Docker version 1.12 or higher

To build the docker image

docker build --build-arg UID=$UID -t cgs-local-ancestry cgs-local-ancestry

This command may take a few minutes because the build process will download the phasing and local ancestry reference data from Amazon S3. This is several GB of data and too large to store in a git repo.

To run an unphased VCF or BCF file through the pipeline and receive RFMIX results

Create a directory called shared (or whatever you want and adjust below) Copy your BCF or VCF there. For example below, we'll call it my-genome.bcf.gz

mkdir -p shared
cp path/to/my-genome.bcf.gz shared/my-genome.bcf.gz
docker run -t -i -v $PWD/shared:/home/ancestry/shared cgs-local-ancestry --vcf shared/my-genome.bcf.gz

You do not need to create a separate directory for every run. You can use the same directory, and run the docker container on different VCF/BCF files separately. Outputs will be created within the shared/ directory using the same prefix as the input VCF/BCF file. The container will automatically detect whether the file is VCF or BCF and whether or not it is gzip'd. An index is not necessary, the container will create them when they are needed.

If your VCF was called as a single sample and thus homozygous reference genotypes at most known variable sites in the standing population are not present in the file, but sequencing coverage is high, add the argument --assume-reference to insert homozygous reference genotype calls where needed.

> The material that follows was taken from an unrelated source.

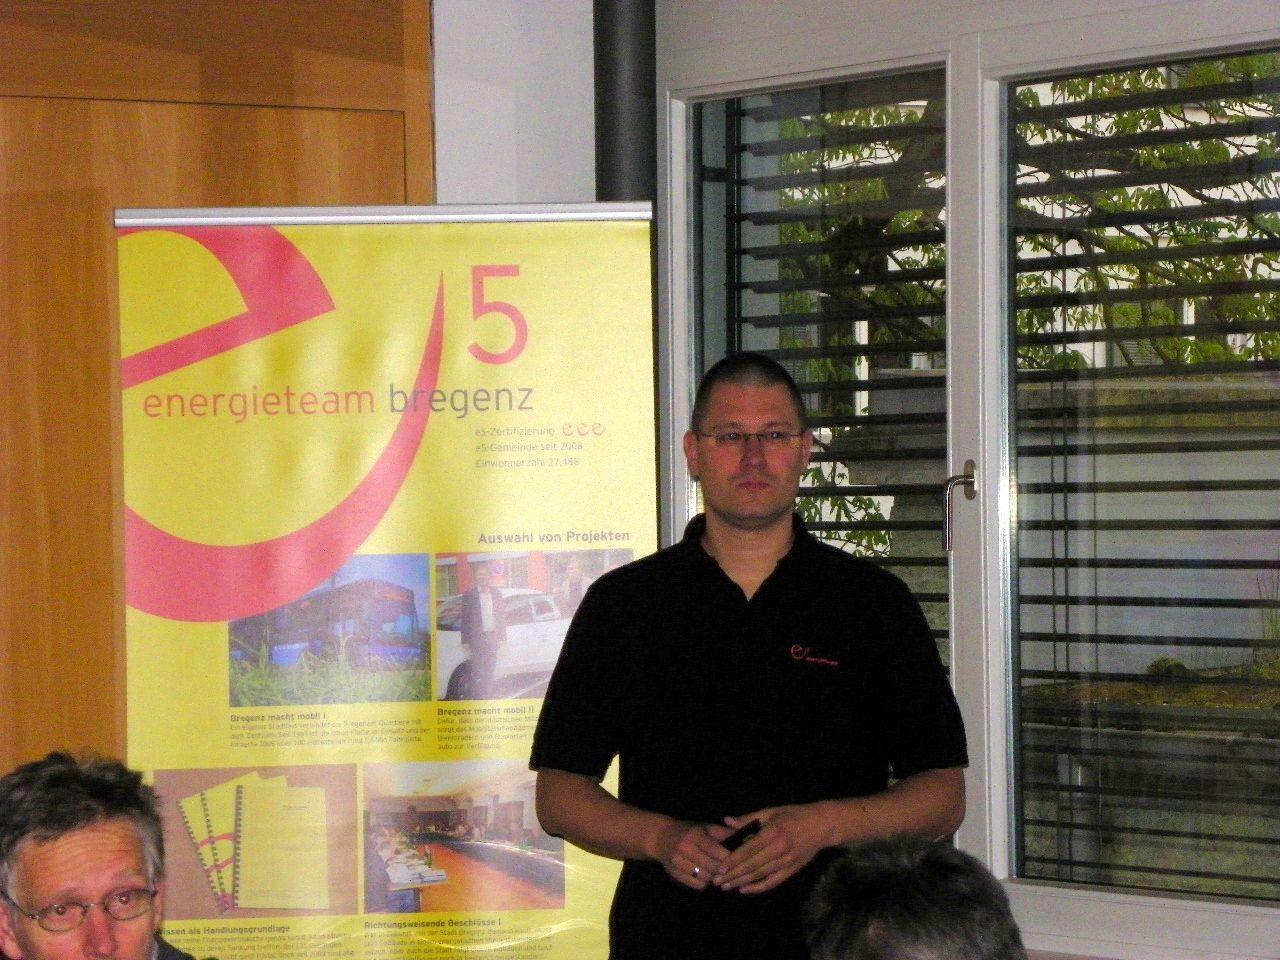 Fotovoltaikanlagen sind ein Anliegen des Team e5

If you have merged multiple single sample VCF files into a single multiple sample VCF file, and the merging tool or your script has substituded missing genotype calls (./. or just .) at sites that were not given in one or more of the merged single sample VCFs, the option --fill-missing will substitute reference homozygous genotype calls at all fully missing data sites. Partially missing (eg., ./1 or 1|. or something) do not have reference alleles substituted for the missing allele. This is ok, the pipeline can handle missing data where it is missing-at-random appropriately, but it can not handle very large amounts of missing data with a strong bias toward missing reference alleles.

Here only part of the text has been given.